The warm buzz of a complete weekend still resides inside me. Being witness to a couple taking the next step of commitment not only reminded me of how love progresses, but of how as humans we look for connection and a partnership.
What good are achievements if you don’t have someone to share them with? We all need a cheerleader in our lives. Someone who believes in us more than we believe in ourselves sometimes. I admit it’s not easy to make the transition from a lone wolf to sharing all your moments with another. When my natural self is to always just count on myself, it’s a huge leap of faith to surrender myself to another completely.

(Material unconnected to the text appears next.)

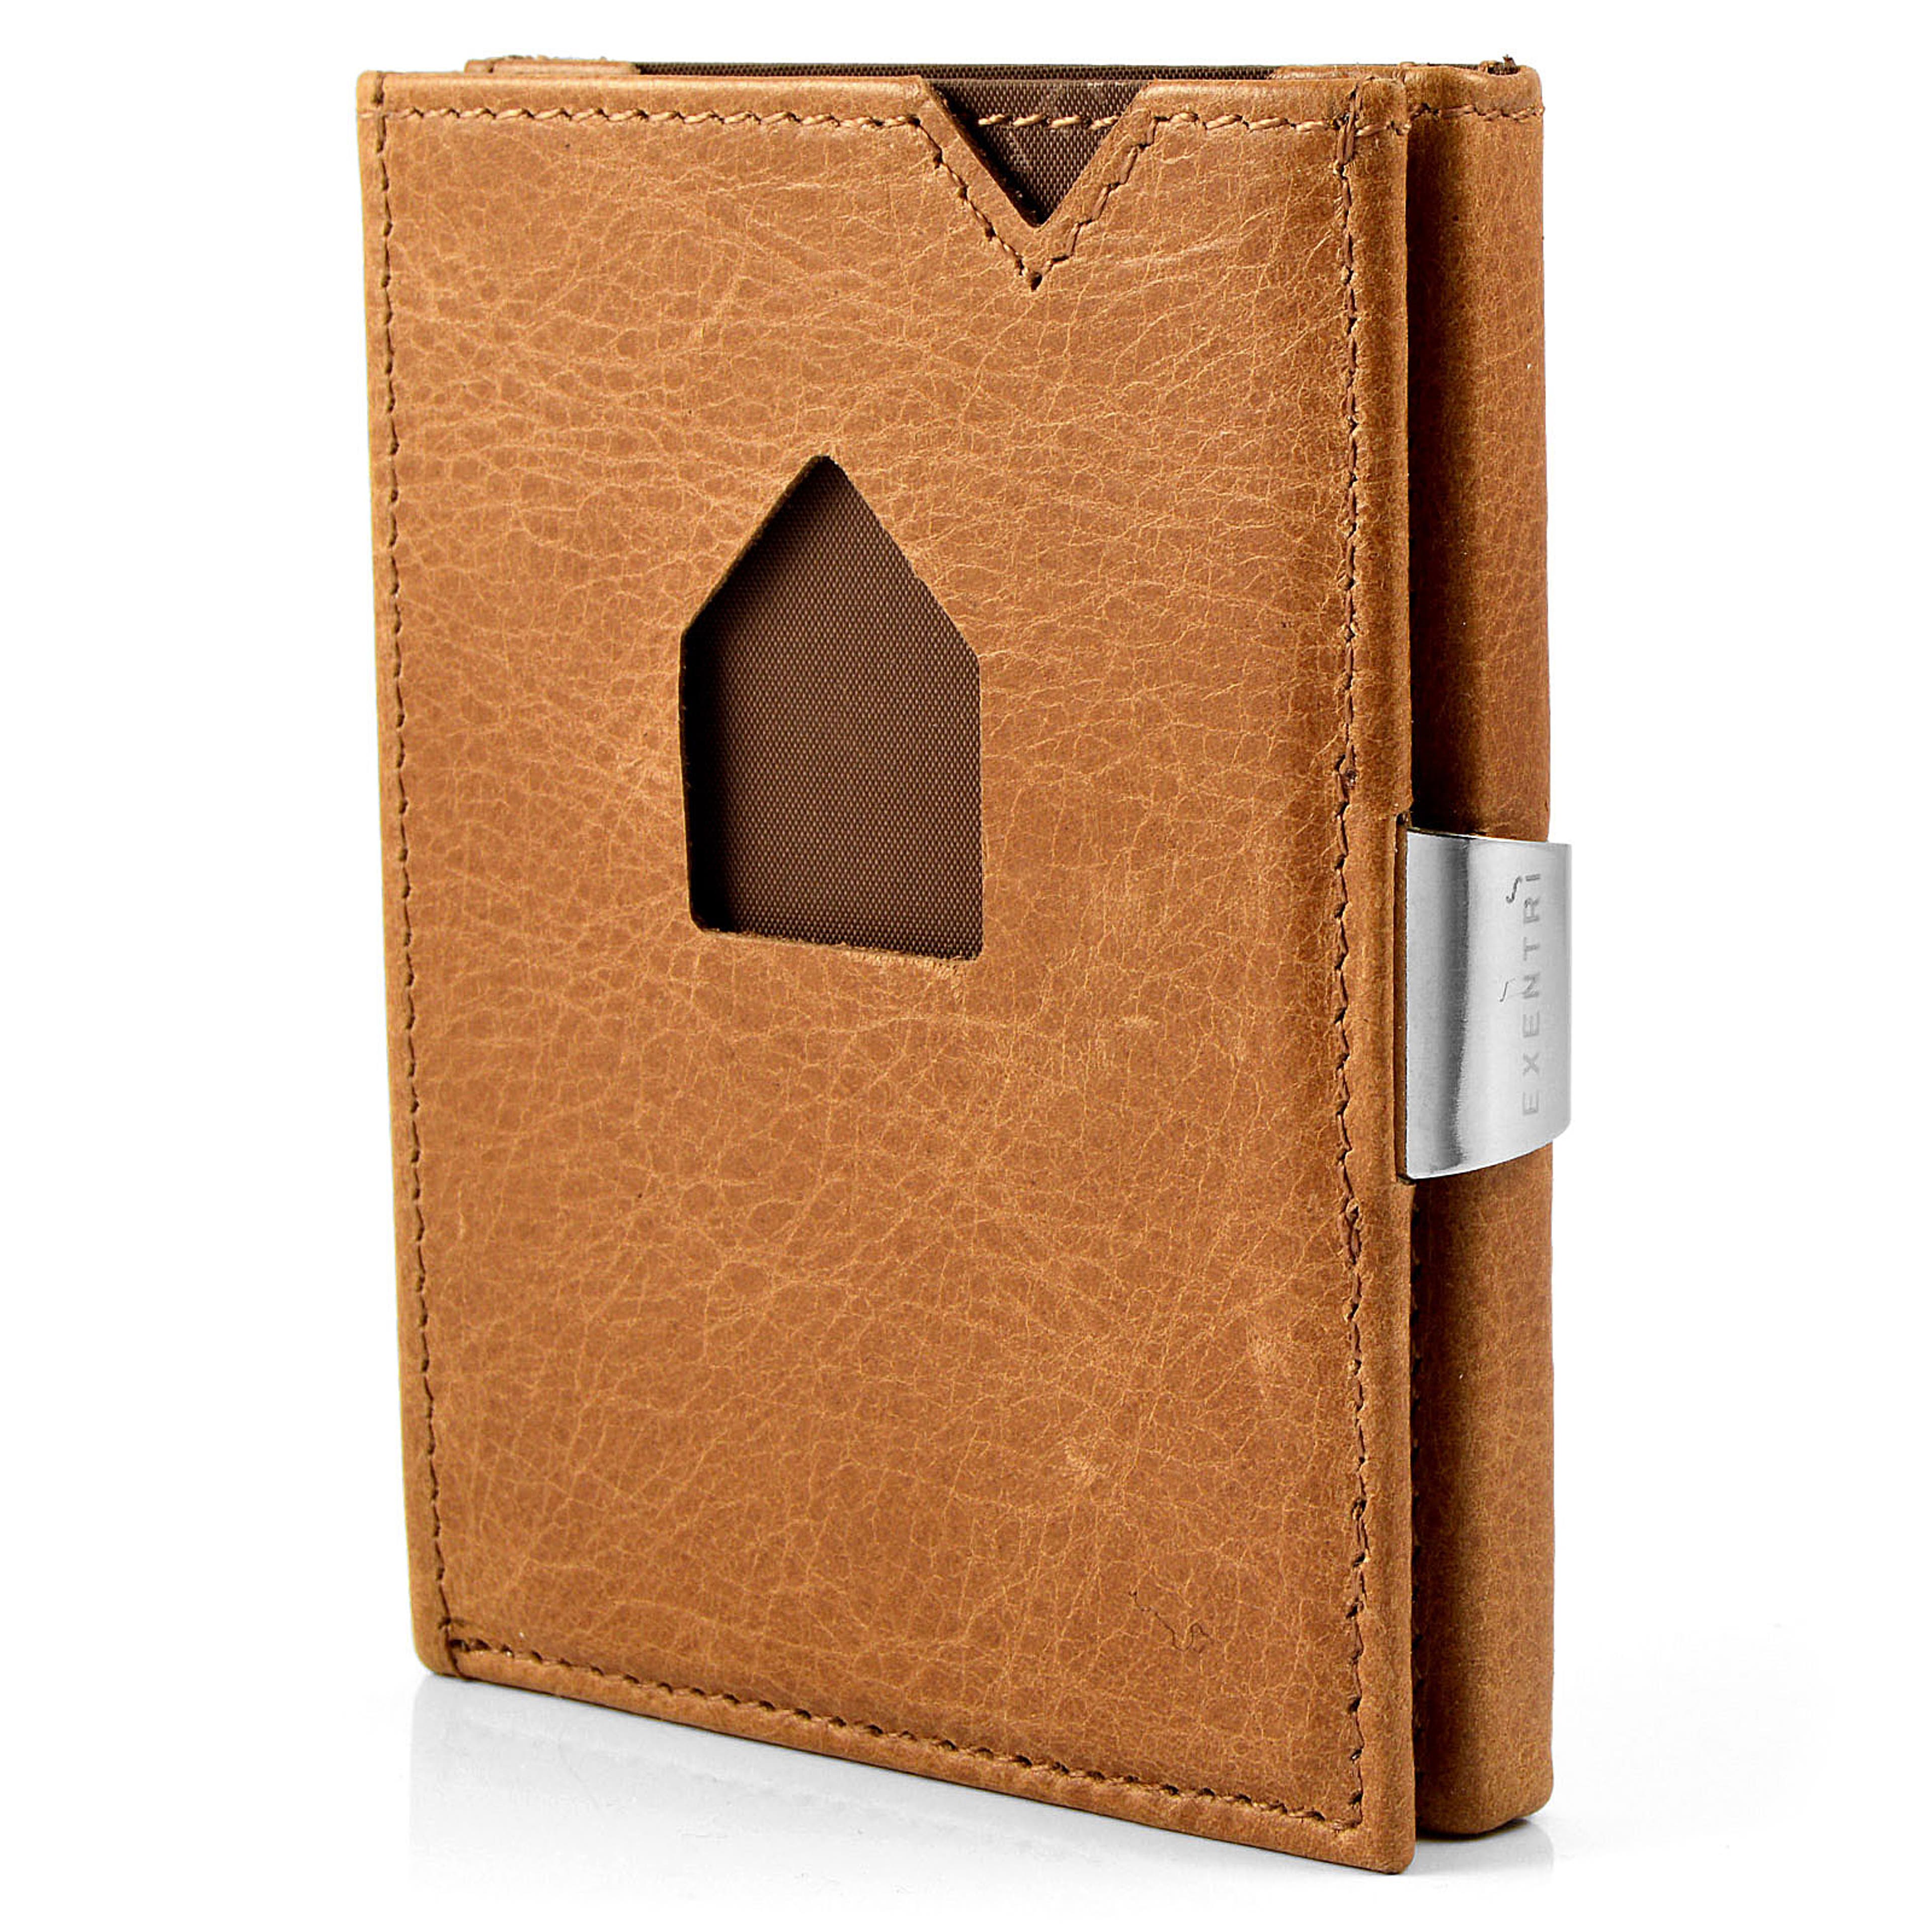 Tan Leather Card Holder With RFID Blocker

Yet that is how a fulfilling life occurs. When you know someone has your back. Pure and simple. That emptiness in you dissipates when you know that no matter what, someone is there to listen to you. Quoting my niece’s recent song “You matter,” that’s what marriage means to be. Someone saying to me I matter.
I am sure there will be some eye rolls at my post. After all, it can also sound like you need to be seen to matter. Or that you need to be praised. No actually, you don’t. I just think that just like it takes two to create a human being, it takes another to see for who you are. It doesn’t matter as to gender, race or sexuality. Just that there is someone out there that you have a life connection.
P.S: Congrats Sabina and Ricky Sood. Looking forward to the wedding :)
“What did you do this weekend?” A common question for Mondays. Before, I would spit out the same thing. “Nothing,” “Not Much,” “the Same Ole.” That’s not to say I didn’t do fun stuff, but really, it was usually the same thing. Now I can say I volunteered on Friday and got to know an amazing organization, The Child Abuse Prevention Center in Orange County which does this amazing annual event where victims of child abuse and their families receive free school supplies, education, food so they are less isolated and know where to go for resources.
Then Saturday, I joined a new running club and met 12 committed runners at 6:45am (who knew people wake up early on Saturday?!), and discovered I don’t have to do just long runs to prepare for my running events but can do interval training. I was nervous because I am probably the slowest runner on the planet, and was convinced I would embarrass myself. Instead, I met a group of committed people who were extremely nice and helpful.
Then later on that night, I went to an old friend amazing cookout and learned that I missed the last four years for no good reason. And even later, got to connect with some dear friends.
The point of this post isn’t to brag about all that I am doing (even though it sounds like it), but that ever since I started saying YES to ANYTHING that makes me nervous, my life has changed for the better. There is still so much to say YES to (travelling with the wife, finding new adventures, creating new experiences with the ones I love, and I now realize that uncommon weekends should be the norm not the exception.